Gas prices this week hit the highest level since 2014, in the wake of a cyberattack that led to one of the nation’s largest pipelines being taken offline.
The average price per gallon across the United States hit $3, according to the American Automobile Association (AAA). The last time the nation saw average prices at $2.999 and higher was November 2014.
The lowest prices are in the south and upper Midwest, where some people can find a gallon for $2.68. Across the western U.S., consumers may see prices as high as $4.11, according to AAA.
Scattered stations were selling gas as high as $6.99.
Prices are expected to rise further, especially if Colonial Pipeline is unable to fully restore its operations by the end of the week.

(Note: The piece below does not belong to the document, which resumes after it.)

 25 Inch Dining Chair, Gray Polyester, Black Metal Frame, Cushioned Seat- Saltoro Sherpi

A cybercriminal ring called DarkSide stole data from Colonial last week, prompting the company to take certain parts of its network offline, leading to the closure of its 5,500-plus mile pipeline.
The pipeline stretches from Texas to New Jersey.

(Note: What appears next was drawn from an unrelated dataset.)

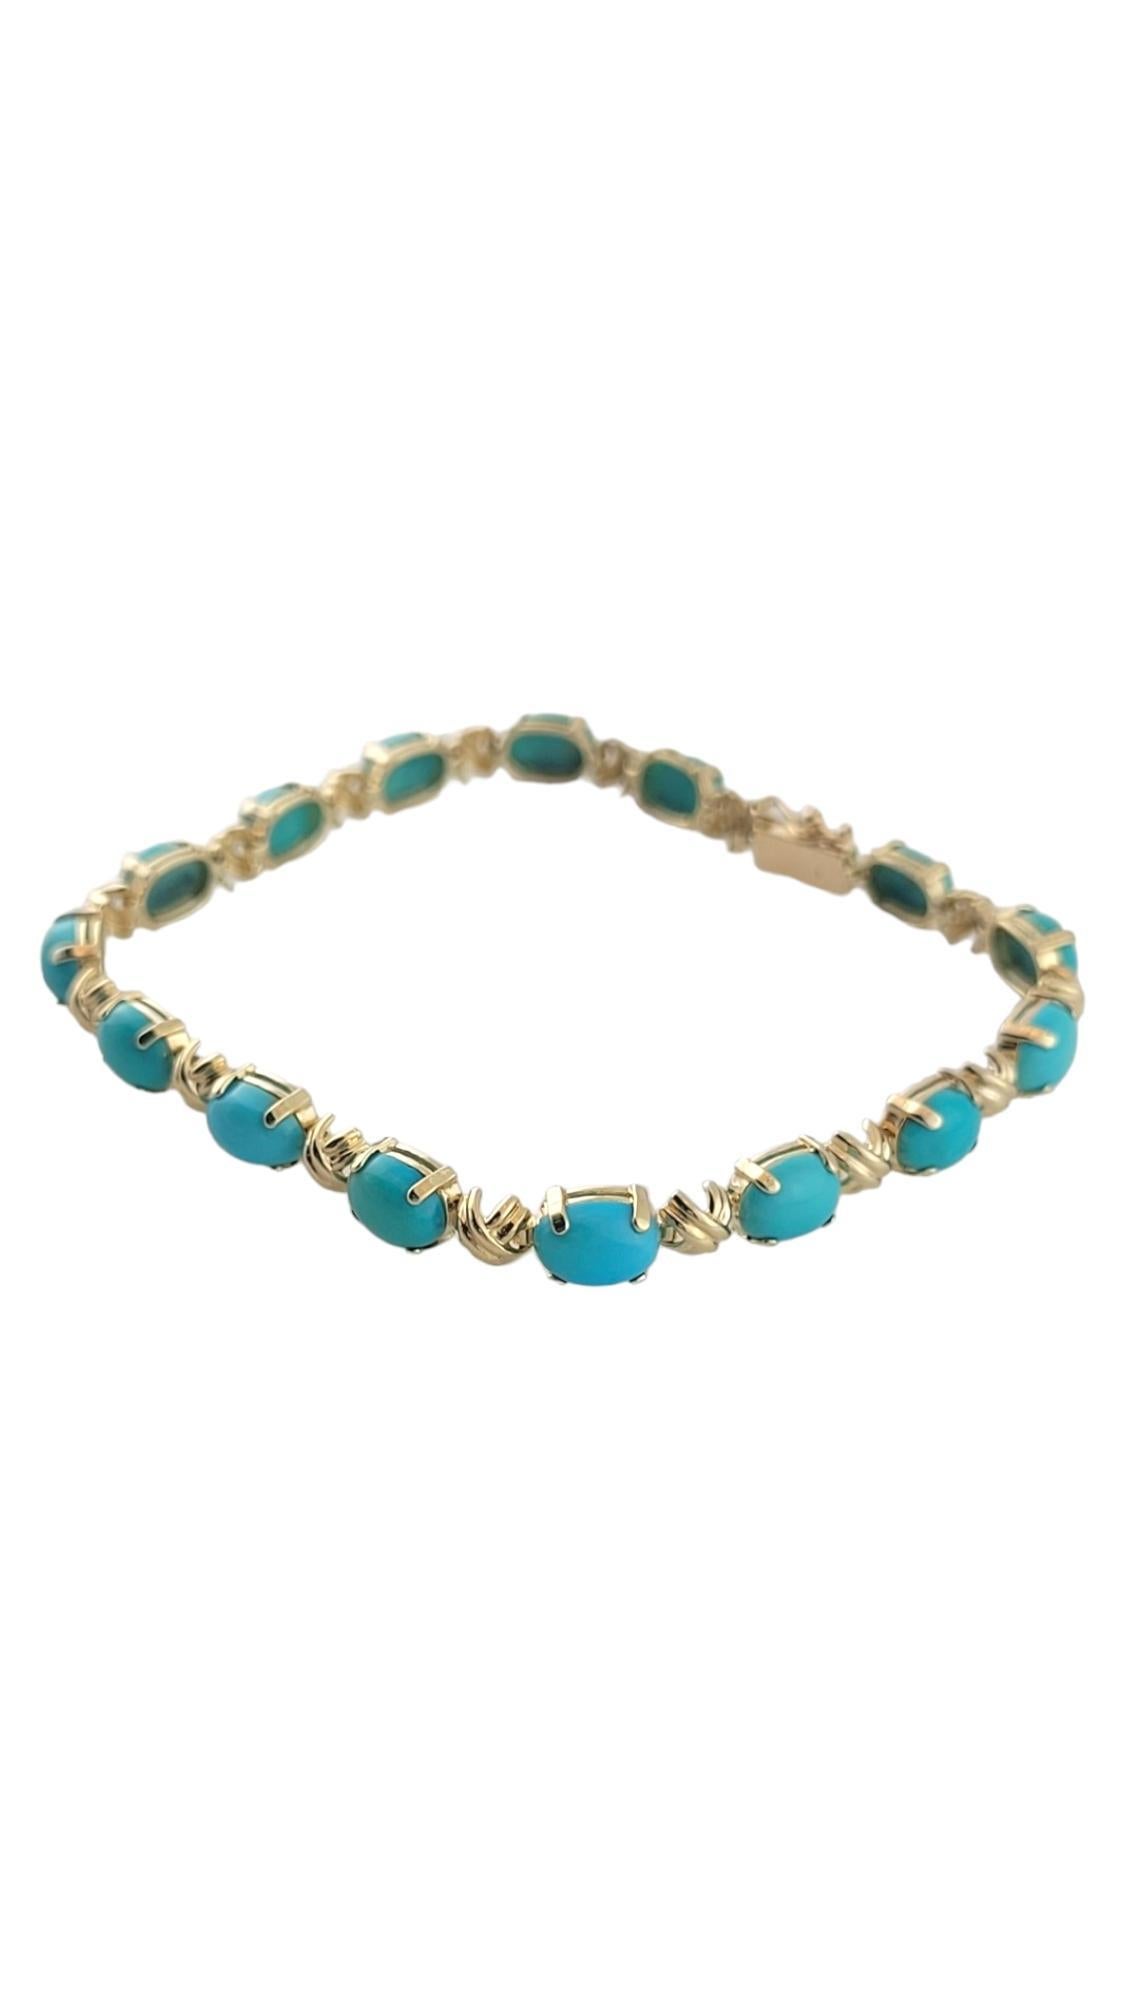 Taille ronde Bracelet turquoise en or jaune 14 carats n° 16369

The company restored a major portion of the line on Monday but was still working to stand up spurs, or offshoots, and other parts of the main line, Energy Secretary Jennifer Granholm told reporters in Washington on Tuesday.
Federal efforts to respond to the situation include waiving rules governing how much gasoline tankers can carry on highways, assessing which ships can carry fuel from the Gulf of Mexico up the Eastern Seaboard, and surveying railroads to try to use some to ferry fuel inland from ports.
Multiple governors declared states of emergency and took other action to try to manage supply and prevent price gouging.
Granholm claimed there were no fuel shortages, but stations across at least eight states were out of fuel as of early Wednesday, including 15 percent of stations in Virginia and nearly a quarter of stations in North Carolina, according to Gas Buddy. According to the Associated Press, the S&P’s Oil Price Information Service on Tuesday pegged the number of stations out of gas at over 1,000.
Many stations that still had supply were seeing long lines.
Experts say a dearth of fuel truck drivers is helping drive the crisis, as well as higher demand stoked by panic buying as people read and hear about the Colonial attack and its aftermath.
“The supply is there. Unfortunately, like other goods you’ve seen throughout the pandemic, there will be a delay in delivery,” Devin Gladden, a spokesman for AAA, told The Epoch Times.